Theatres are at the heart of our communities. Let’s shout about how much that matters. When our Councillors are taking tough decisions about how to spend our taxes, they need to know how much we value our local theatre’s work and role in the community. Let’s tell them – my theatre matters!

A Right to Culture for Every Child is the manifesto document of the Cultural Learning Alliance (CLA).

“The right to culture for every child must be a cornerstone of our national cultural and educational policy. We must ensure equal access for all children and young people to quality arts, cultural and creative learning opportunities.

Nearly 25 years ago the world made a promise to children. The UN Convention on the Rights of the Child – to which the UK is a signatory – states that all nation signatories shall ‘respect and promote the right of the child to participate fully in cultural and artistic life and shall encourage the provision of appropriate and equal opportunities for cultural, artistic, recreational and leisure activity’…”

50p for Culture is a National Campaign for the Arts (NCA) campaign to safeguard and increase local authority investment in arts, museums and heritage. We elect councillors to make tough decisions about where to spend our taxes.
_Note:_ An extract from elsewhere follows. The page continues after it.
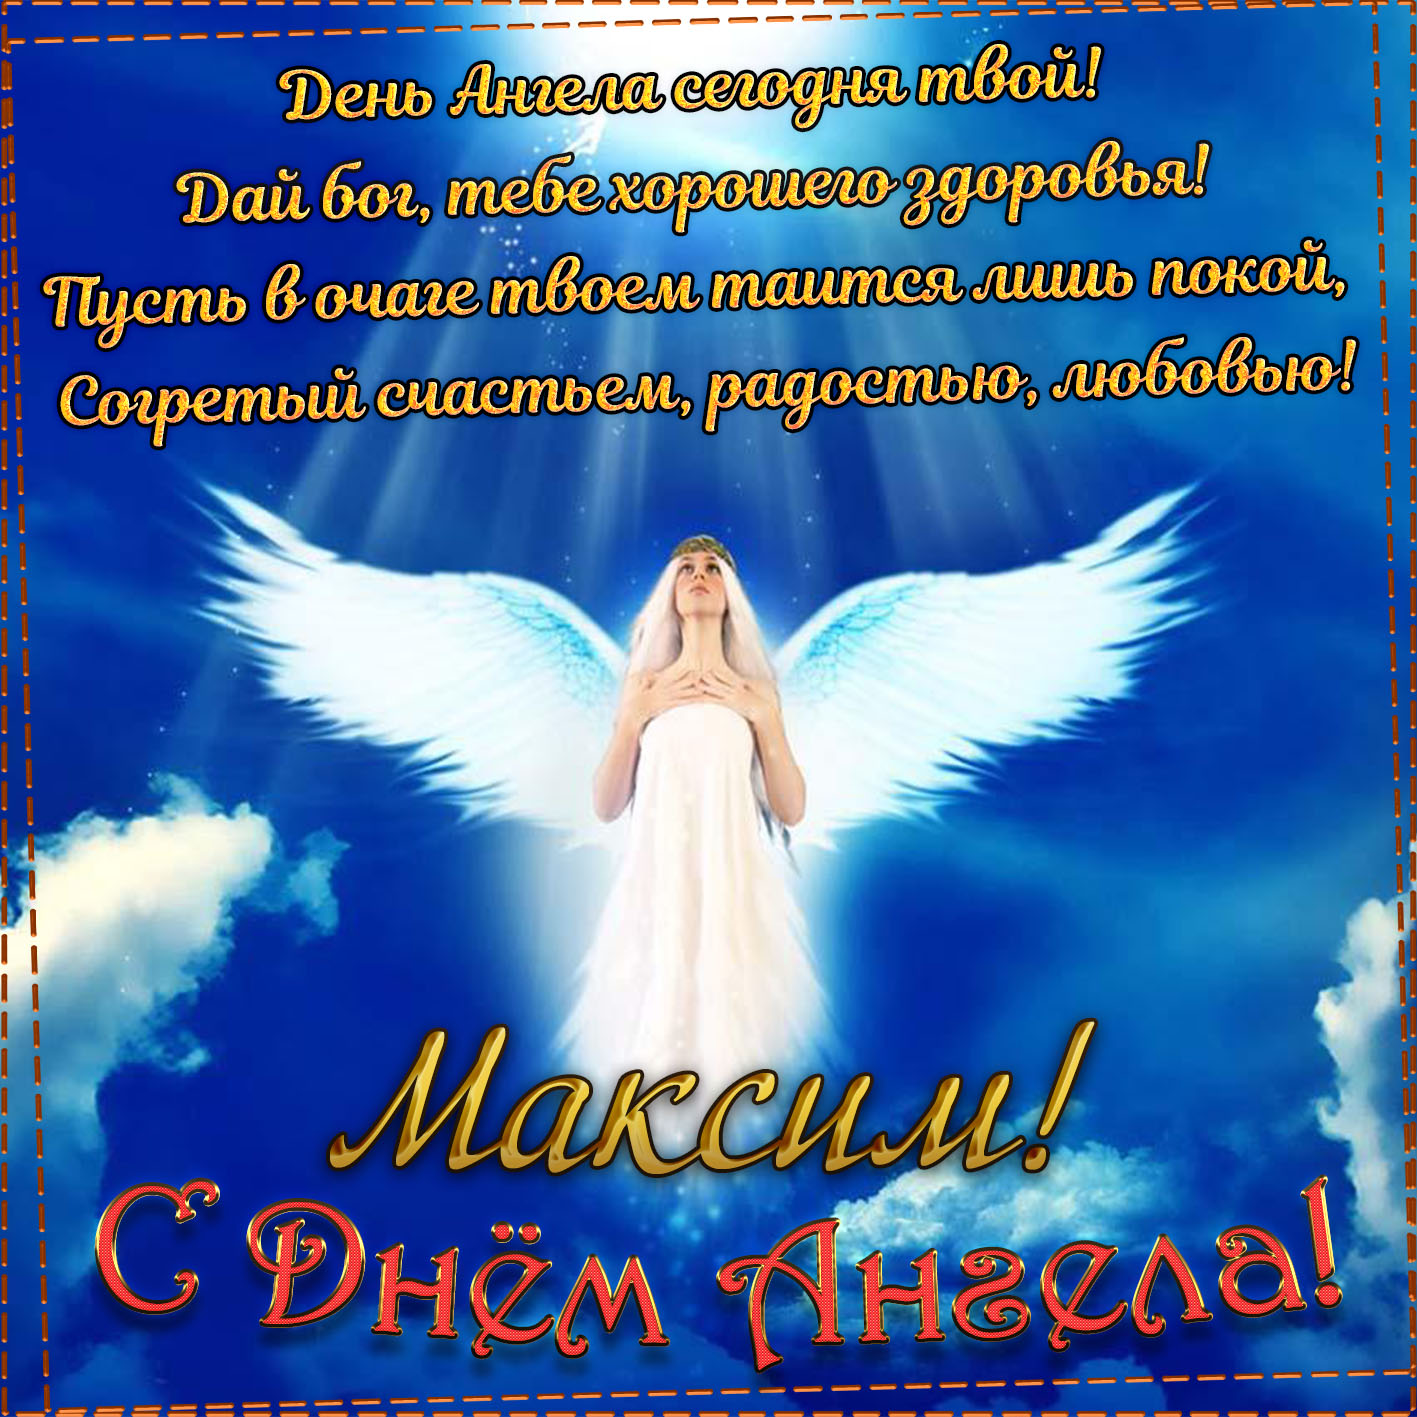 Открытка - пожелание на День Ангела Максиму на фоне неба

They have no obligation to spend on arts, museums and heritage so we need to tell them that’s important to us. The average net spend by local authorities is only 16p per person per week. For every £1 spent by local authorities in England less than half a penny is spent on culture. Take action – visit 50pforculture.org to see what your local council spends on the arts. Find tools and ideas and more.
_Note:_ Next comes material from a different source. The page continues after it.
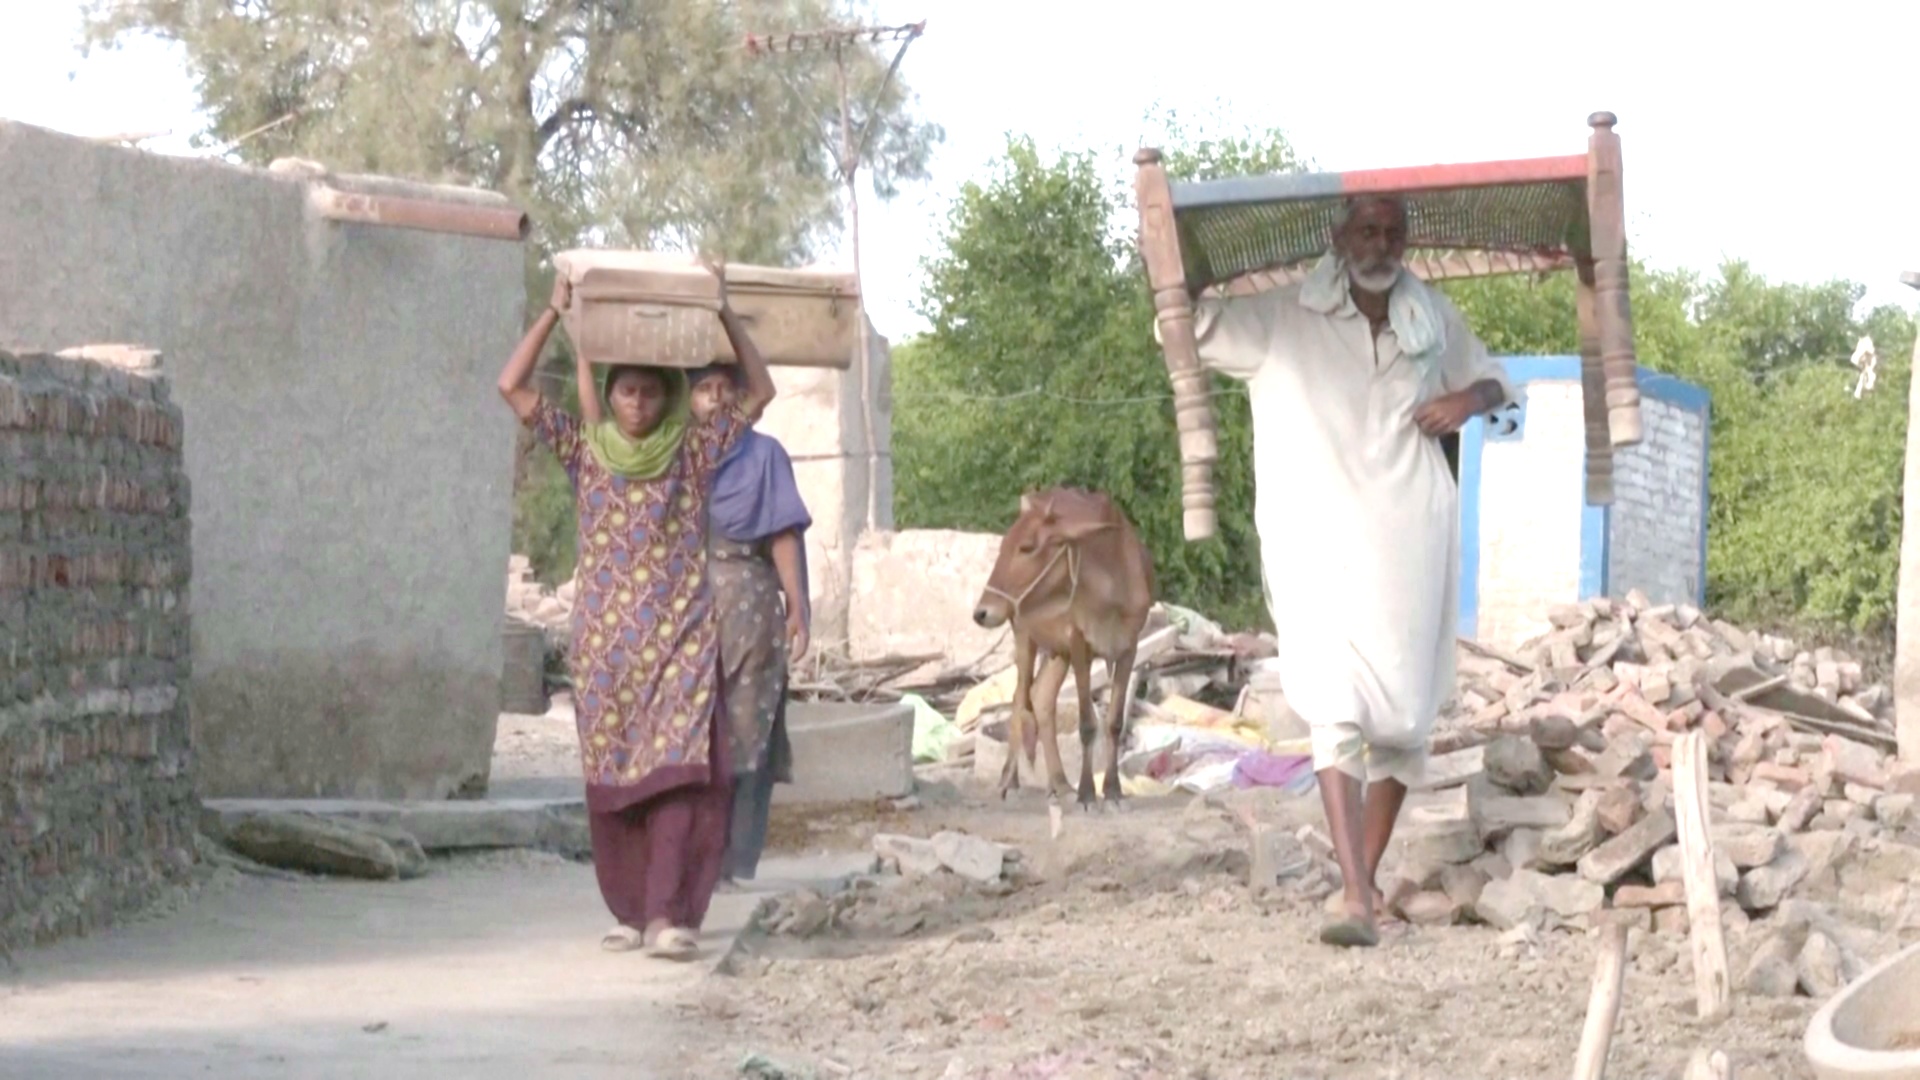 Вернуться на руины: что ждёт пакистанцев после наводнений

Ahead of the Chancellor’s Spending Review in November 2015, What Next? wants to make sure we reach as many MPs as possible to tell them about the impact further cuts to our sector will have. We hope that artists, audiences, organisations and individuals will write to their local MP to request a meeting, either at a constituency surgery, at an arts centre or even over the phone, to discuss the importance of culture in the local community and what will be lost with further cuts to arts and local government budgets. We want to tell our story in a way that resonates with MPs, especially Tory MPs, and that will help them understand our concerns quickly. That’s why we’ve come up with the hashtag #Arts4Britain.